I don't really see the big deal. Hardly anyone ever went to the Google+ pages, other than SEOs and the business owners. They have made it virtually impossible to get to the page from the search results.
Photos, reviews, and About have just moved to Maps or the Local Finder, which we can consider the new home for our listing at Google. They want to separate G+ from local, and they have pretty much put the final nail in the coffin with this update. G+ is a now a social platform only, and no longer a local business listing site as well.
The impact I see is this:
- listing analysis and dupe discovery is a little harder for SEOs now
- We have to update the link we send people to to read/write reviews
- We have to update our links to our Google listing
I don't really mind. Google Plus just becomes less and less important for local search and we'll focus on the data we see in Maps, Map Maker, and the Local Finder.
From the perspective of both a business operator and SEO I thoroughly agree with Darren above.
From its earliest development we put time into google + for our smb's. We never saw even marginal responsiveness from customers. It simply didn't grow into the customer base. It grew among google fans and for acct management purposes. We never saw the response.
Similarly we never saw positive response for our little local smb's from twitter, foursquare or some other reasonably popular social venues. For one type of smb that is pretty responsive to visuals we've seen "some response" from pinterest, but even that is minimal. On the largest web social venue we've seen response from facebook--> still a minimal value to business and revenues compared to search. Frankly Bing is better for business than FB. Bing is involved in search and gives responses when visitors search using intent.
Our best source of "local" "social elements" are the great variety of social elements unique to local communities.

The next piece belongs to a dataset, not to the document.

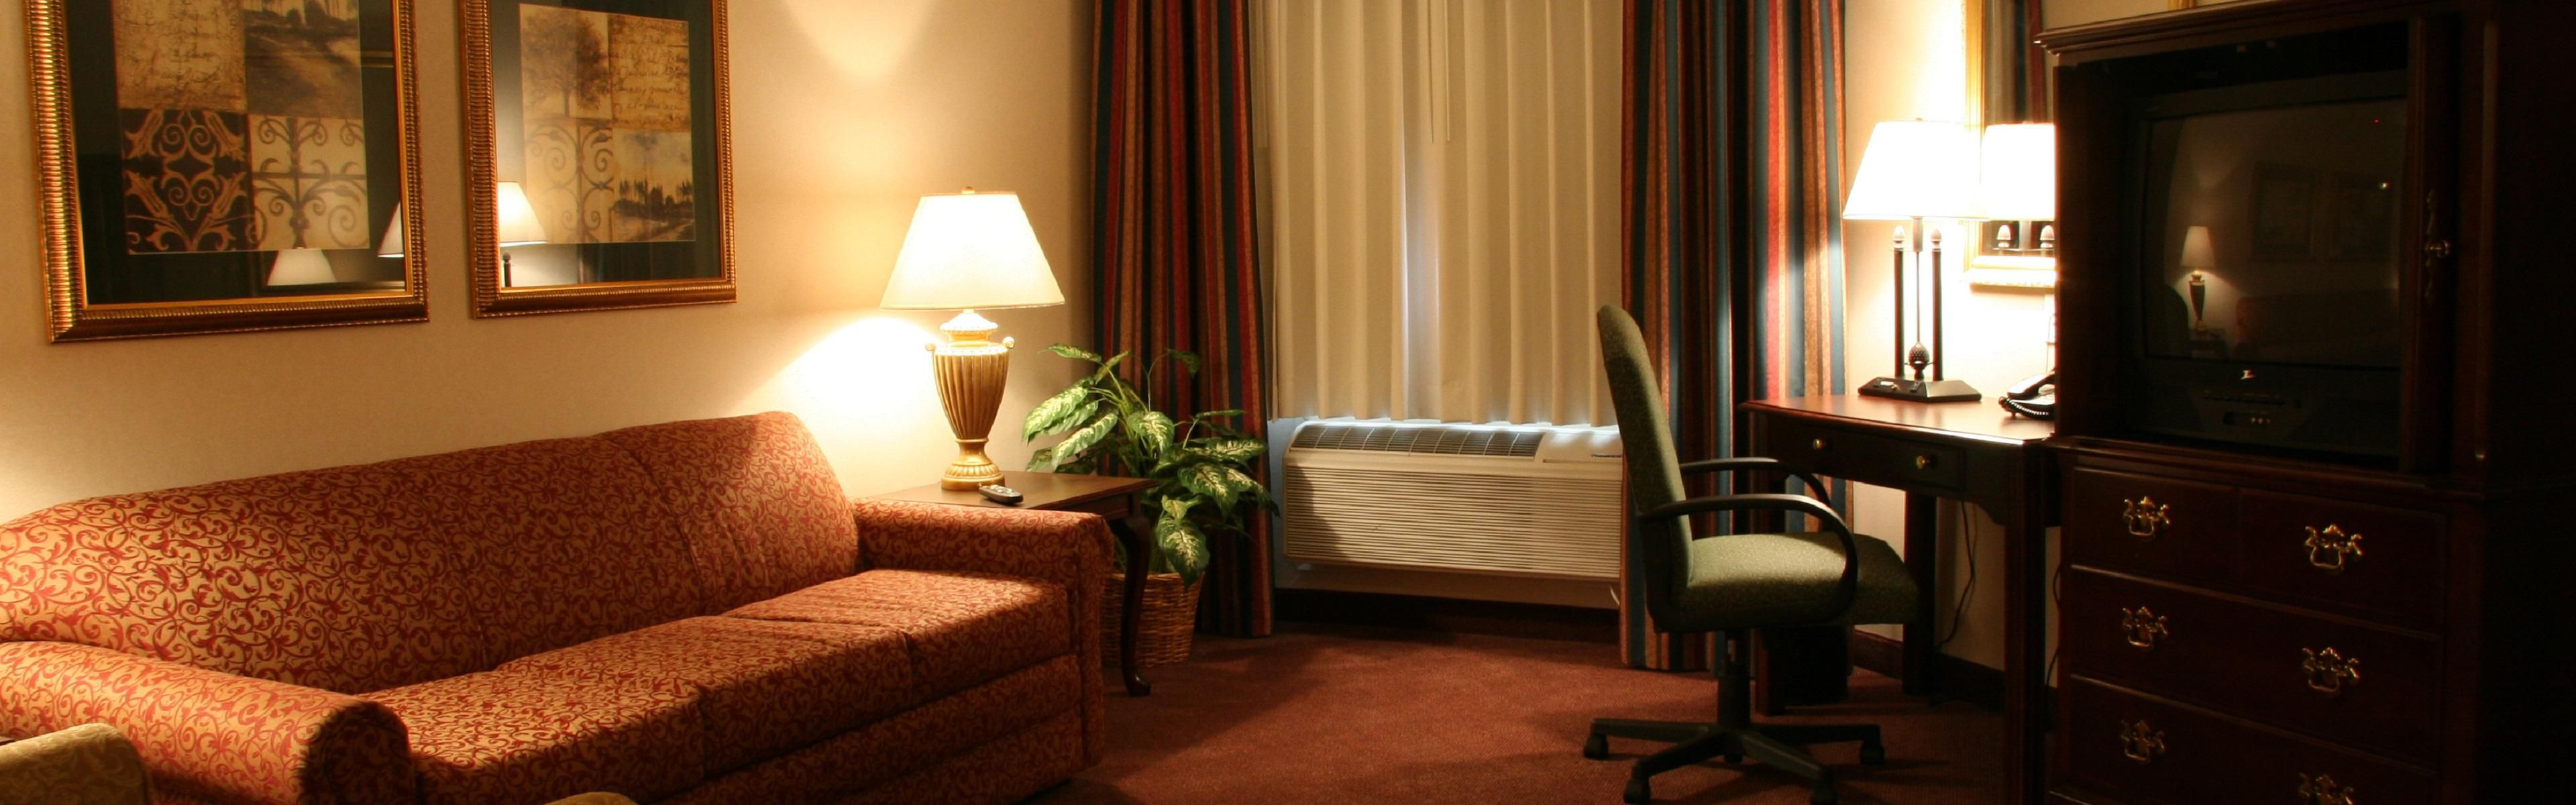 Holiday Inn Selma-Swancourt image 1
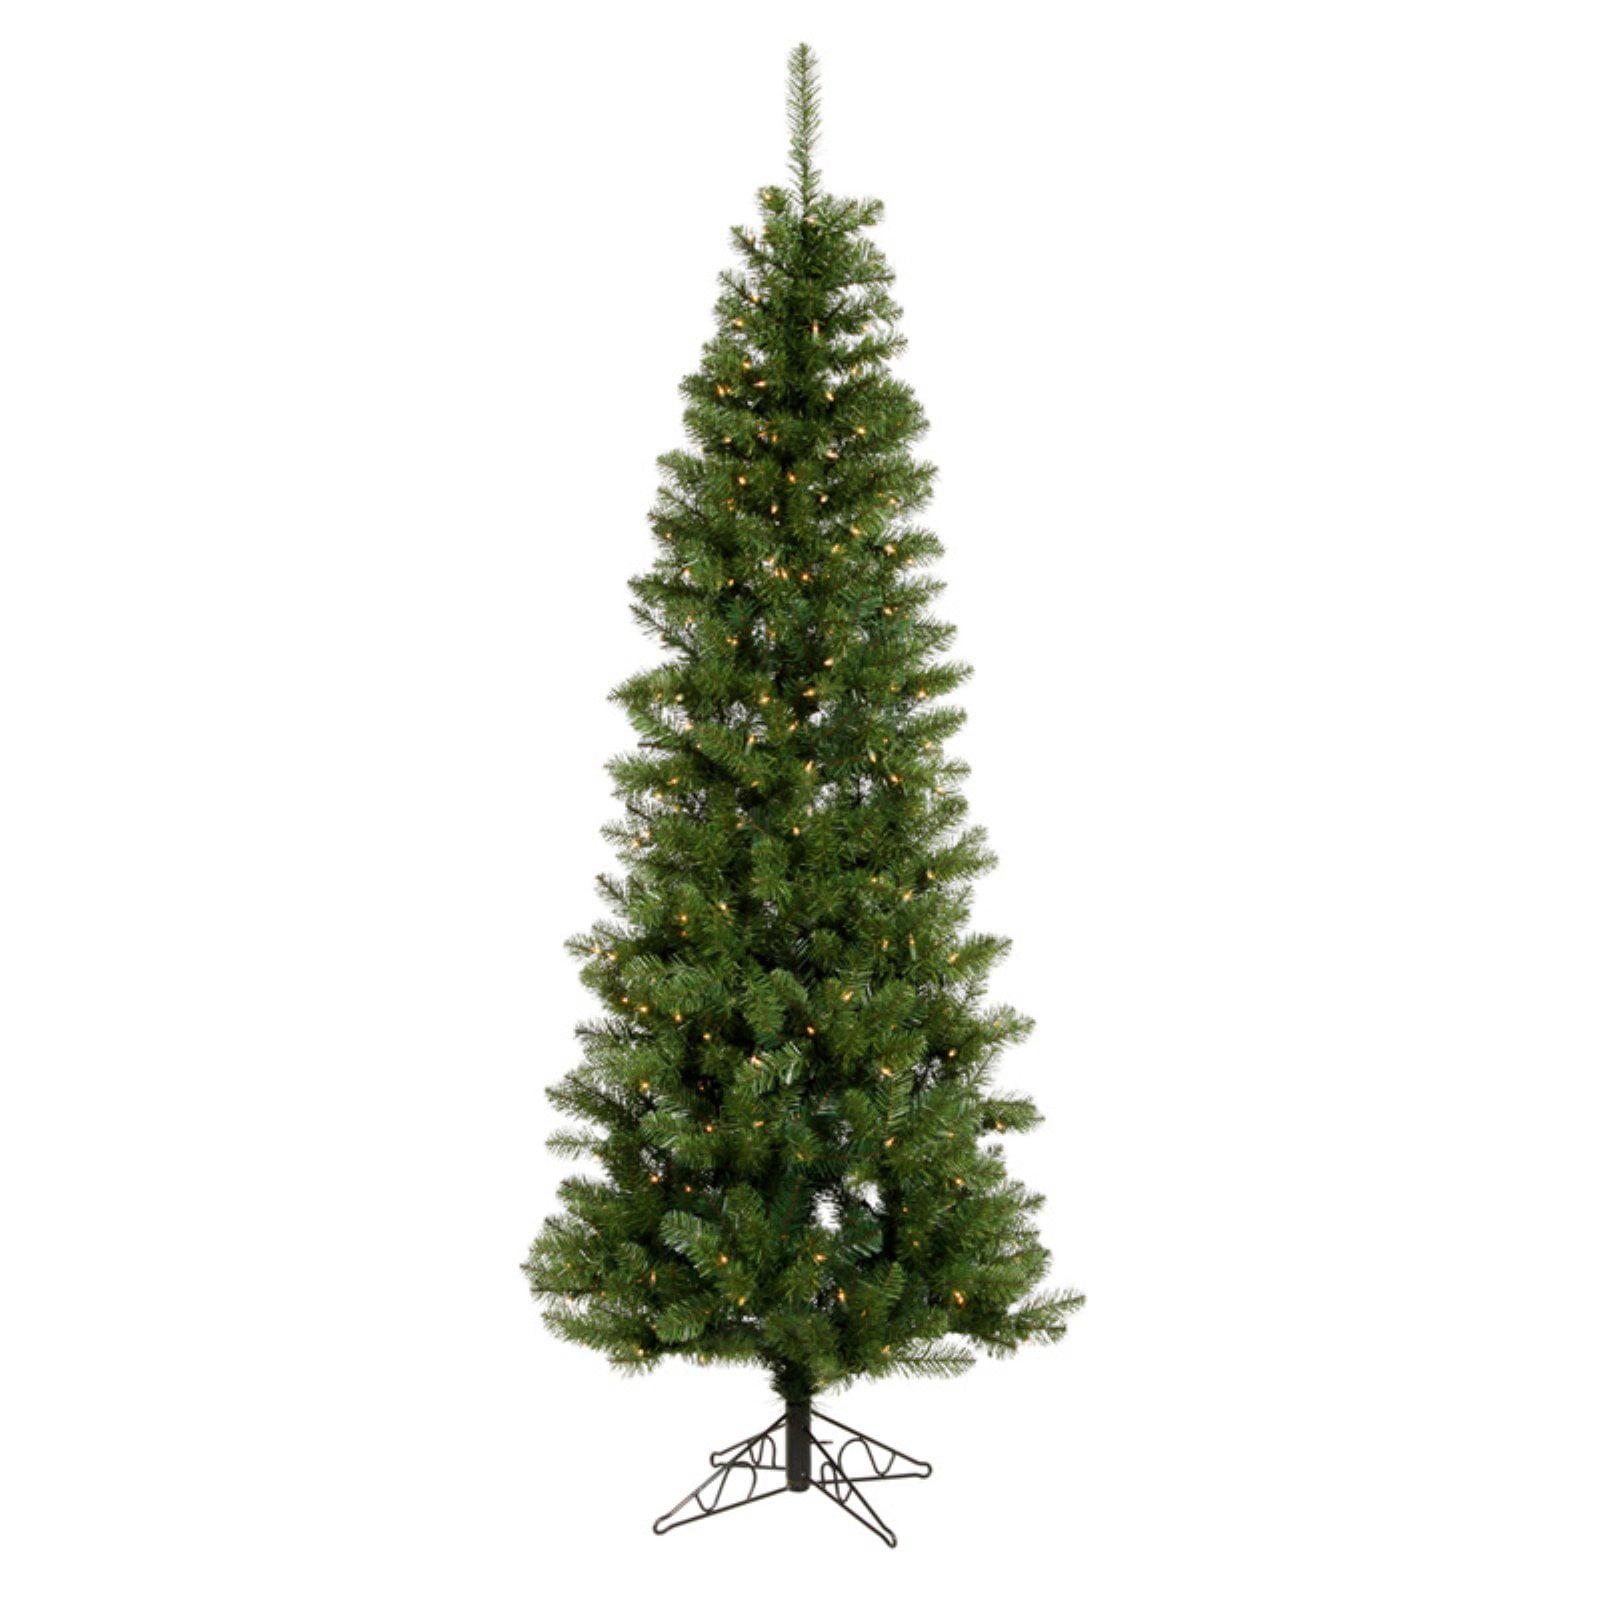 "Pre-Lit 4.5' x 24"" Salem Pencil Pine LED Artificial Christmas Tree, Green, White Lights"

It could be local list serves, it could be meet-ups, it could be local media or hyper local media, it could be locally strong blogs, it could be the news in local community, community interest groups, or church or civic groups....but it most assuredly are not the world wide web sources and certainly not google plus (+).
So Google Local is now a function of search and maps, sort of like it was before google plus.
I'm guessing two reasons for this change or set of changes:
1. Traffic did not migrate to local businesses on G+. No activity. Google would know. We wouldn't. We had ZERO...let me repeat
ZERO ability to really track and understand traffic to G+ and ultimate potential traffic to become a customer or a repeat customer.
Google uniquely sees what is occurring and they didn't communicate to us well enough for us to understand.
So they killed it. (so it seems).
2. A second reason. It could auger changes to further monetize google. Why??? because that is what google does!!!!